DATA SHOWN:
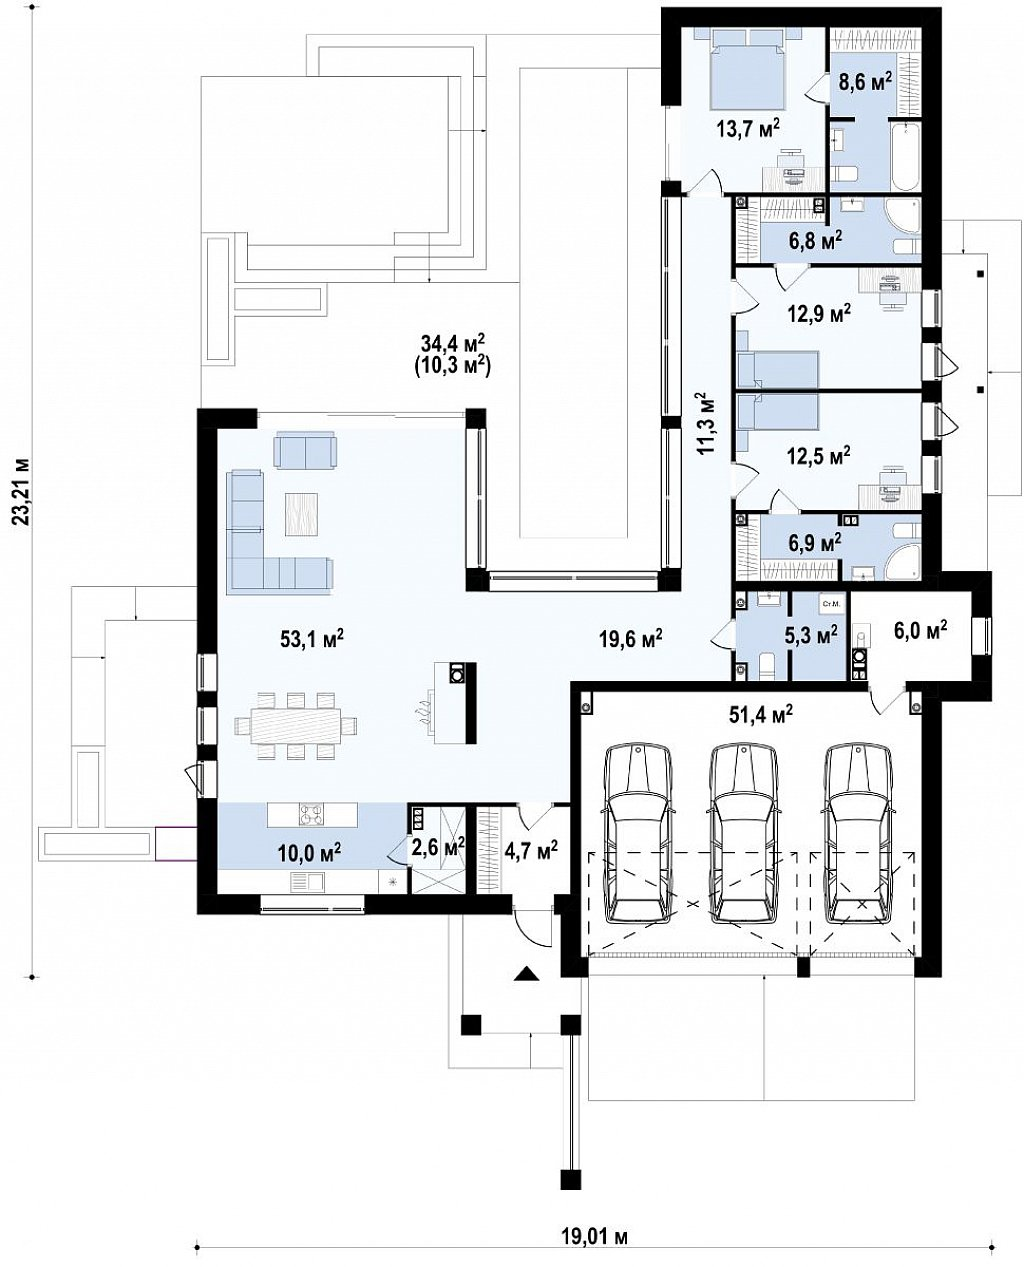 Одноэтажный дом в современном стиле с гаражом на 3 машины, с плоской кровлей план помещений 1
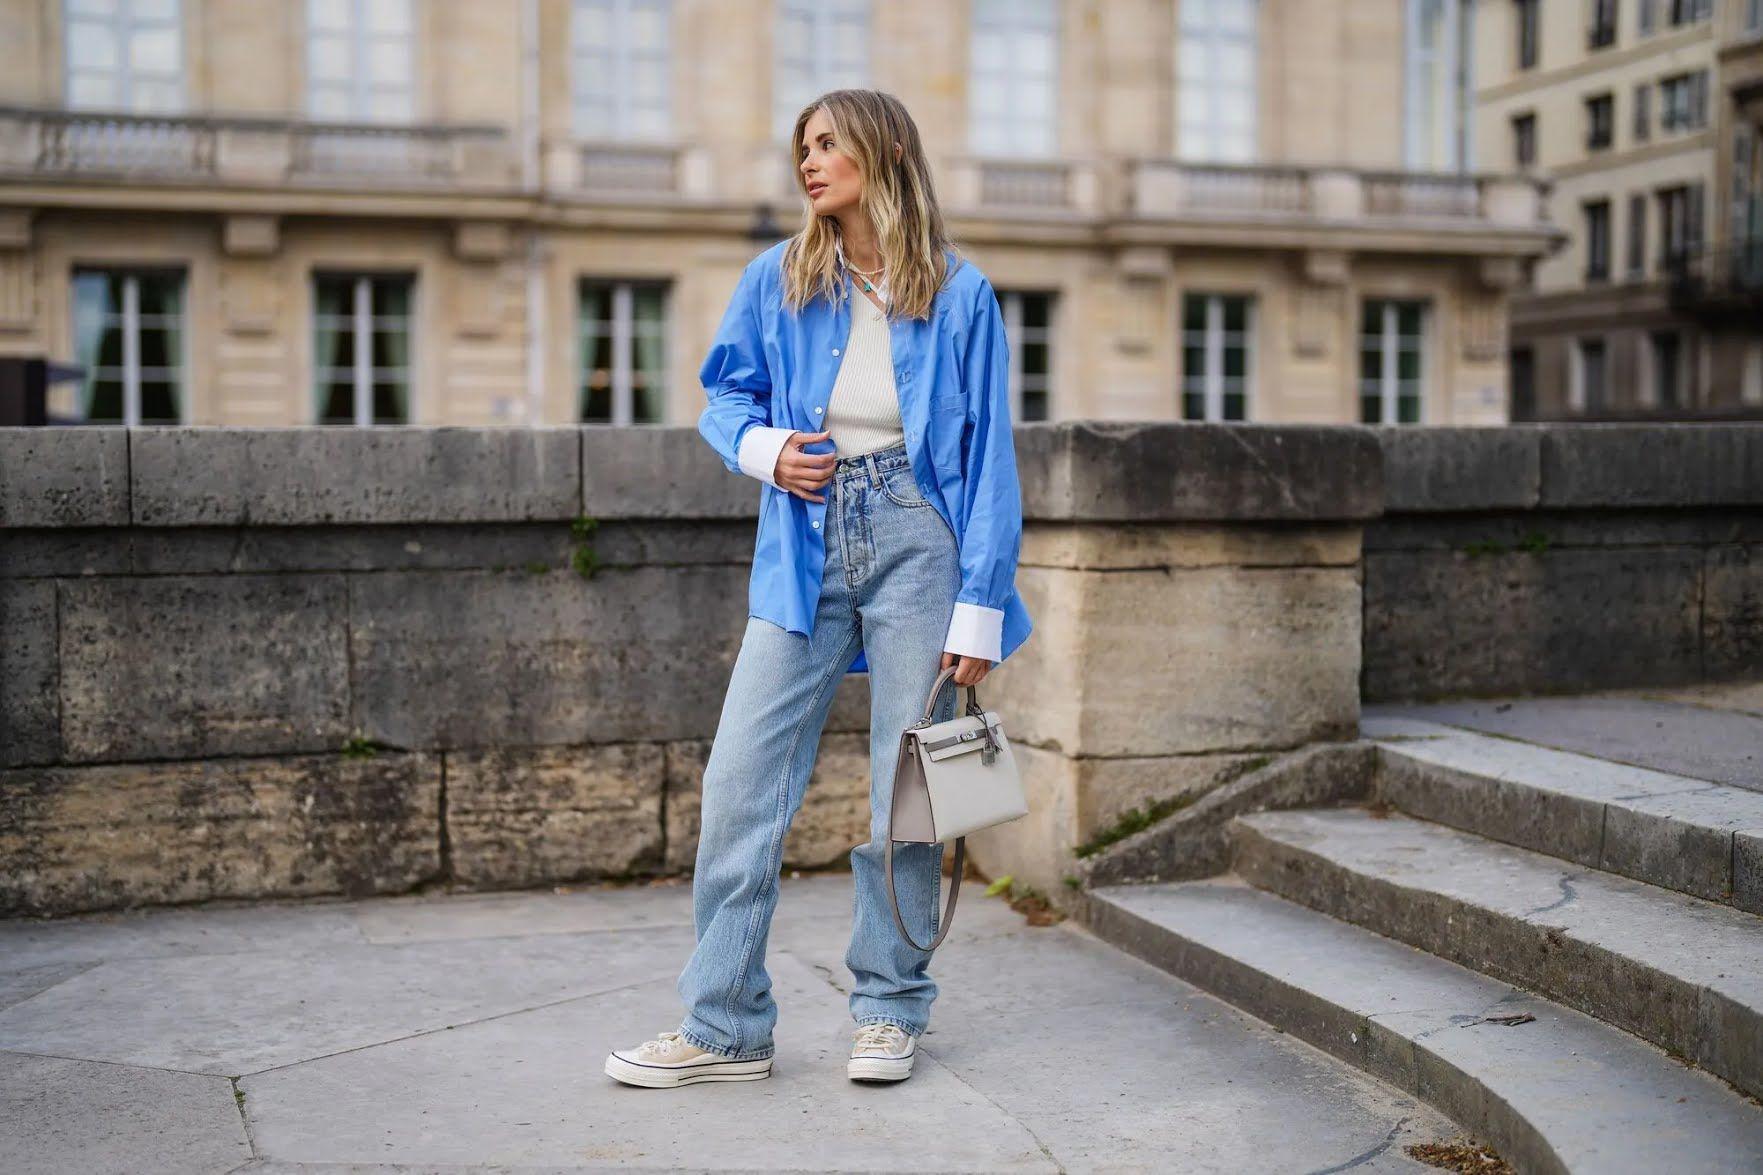 Модний образ з широкими джинсами
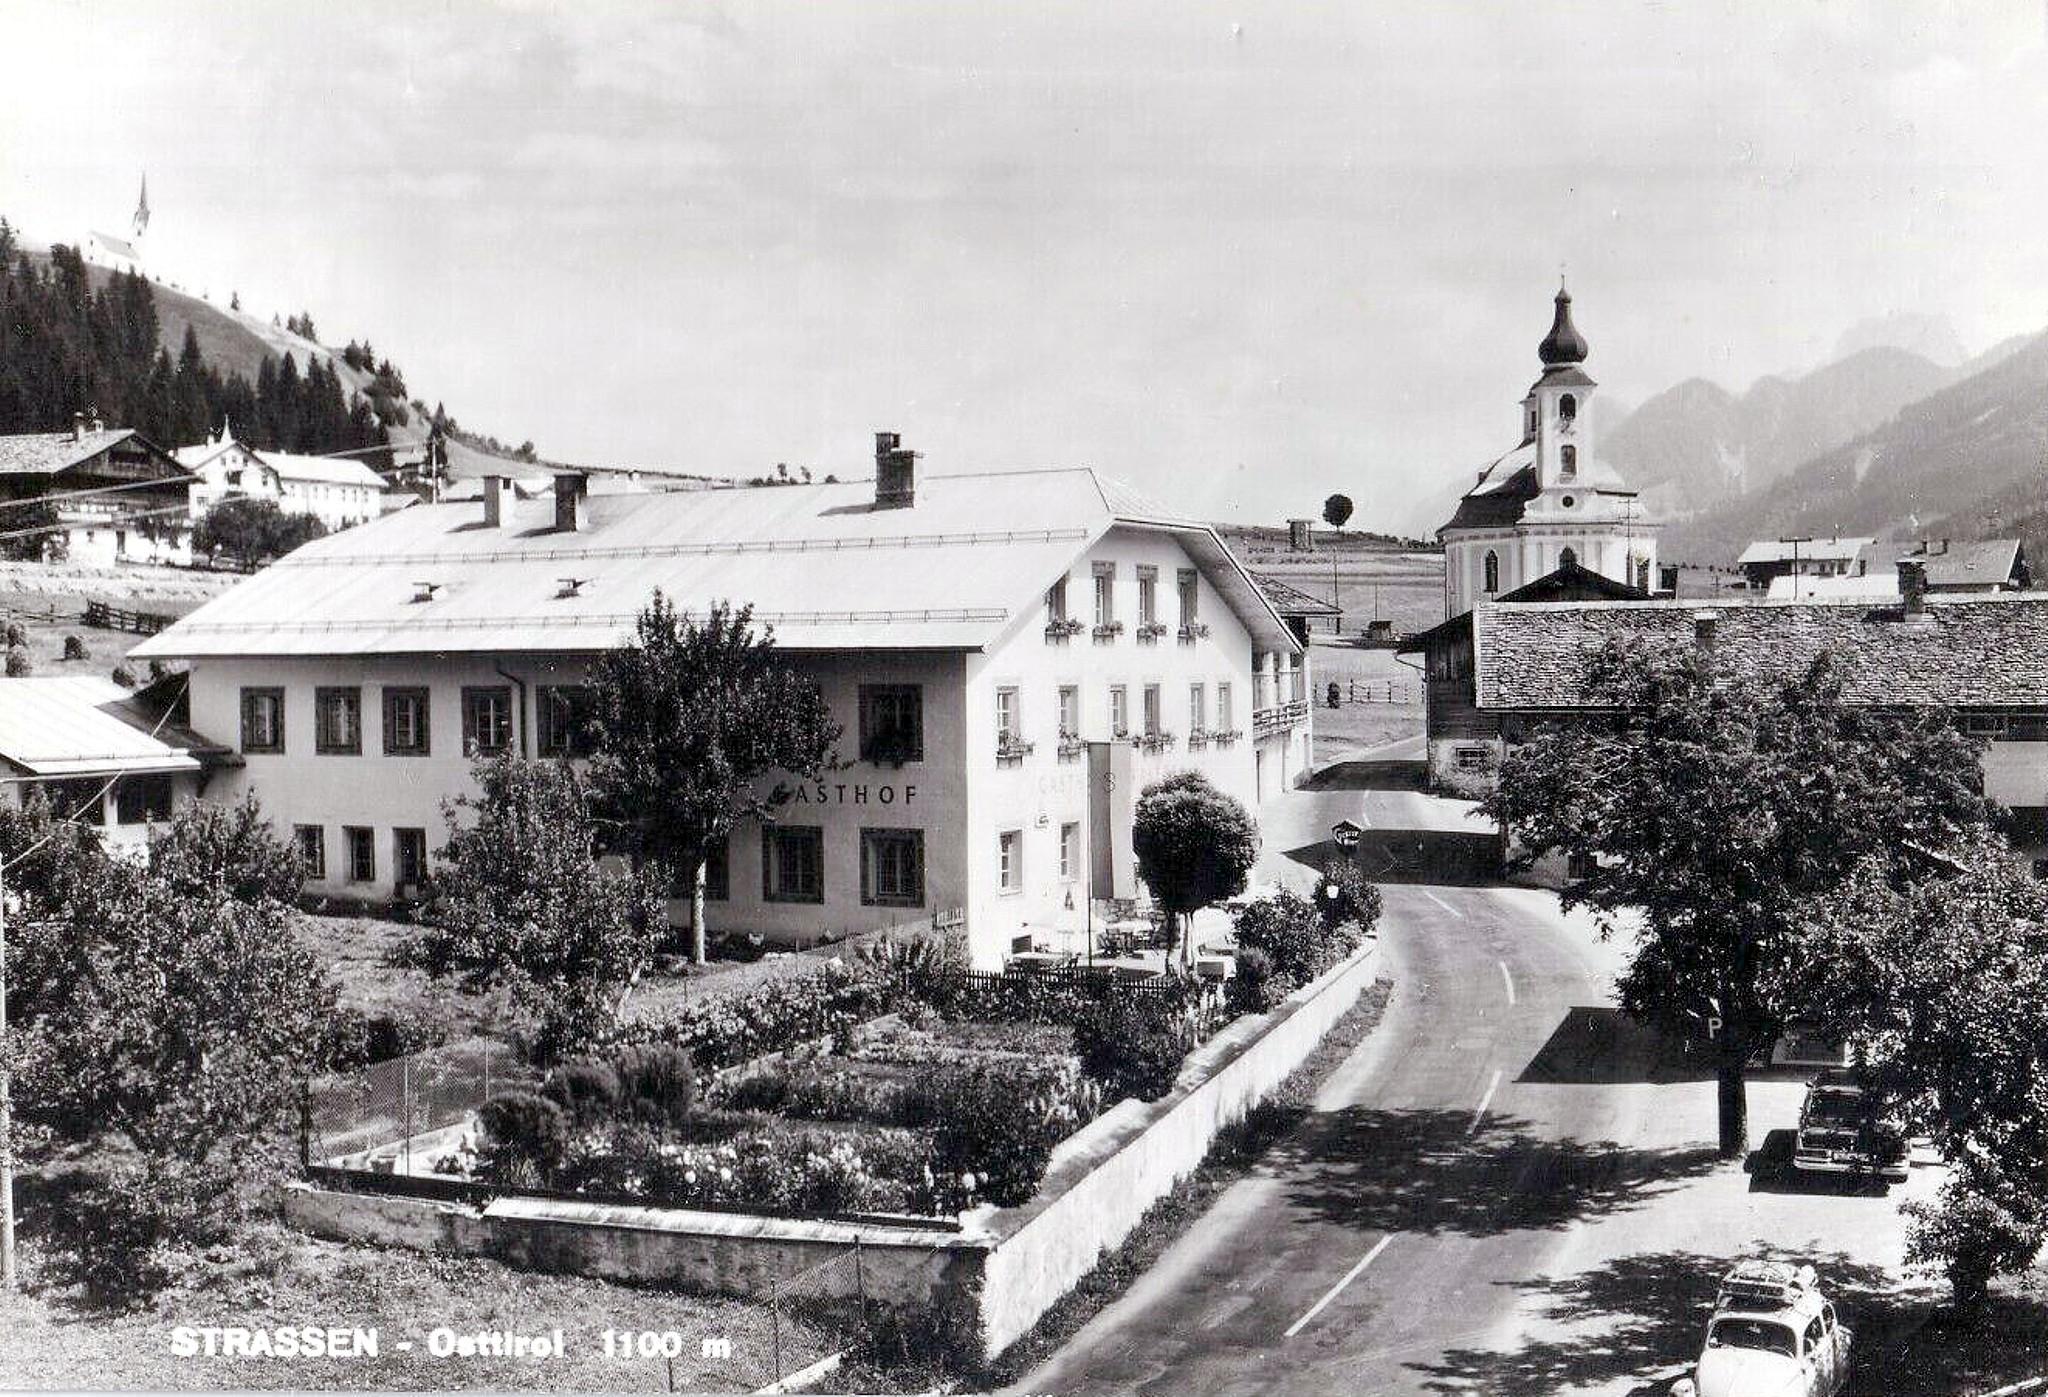 Strassen 1955, Gasthaus

EXERCISE BRIEF: Go through the listing above and write it out again exactly, dropping the pictures.

RESPONSE FOR THIS EXERCISE:
 Одноэтажный дом в современном стиле с гаражом на 3 машины, с плоской кровлей план помещений 1
 Модний образ з широкими джинсами
 Strassen 1955, Gasthaus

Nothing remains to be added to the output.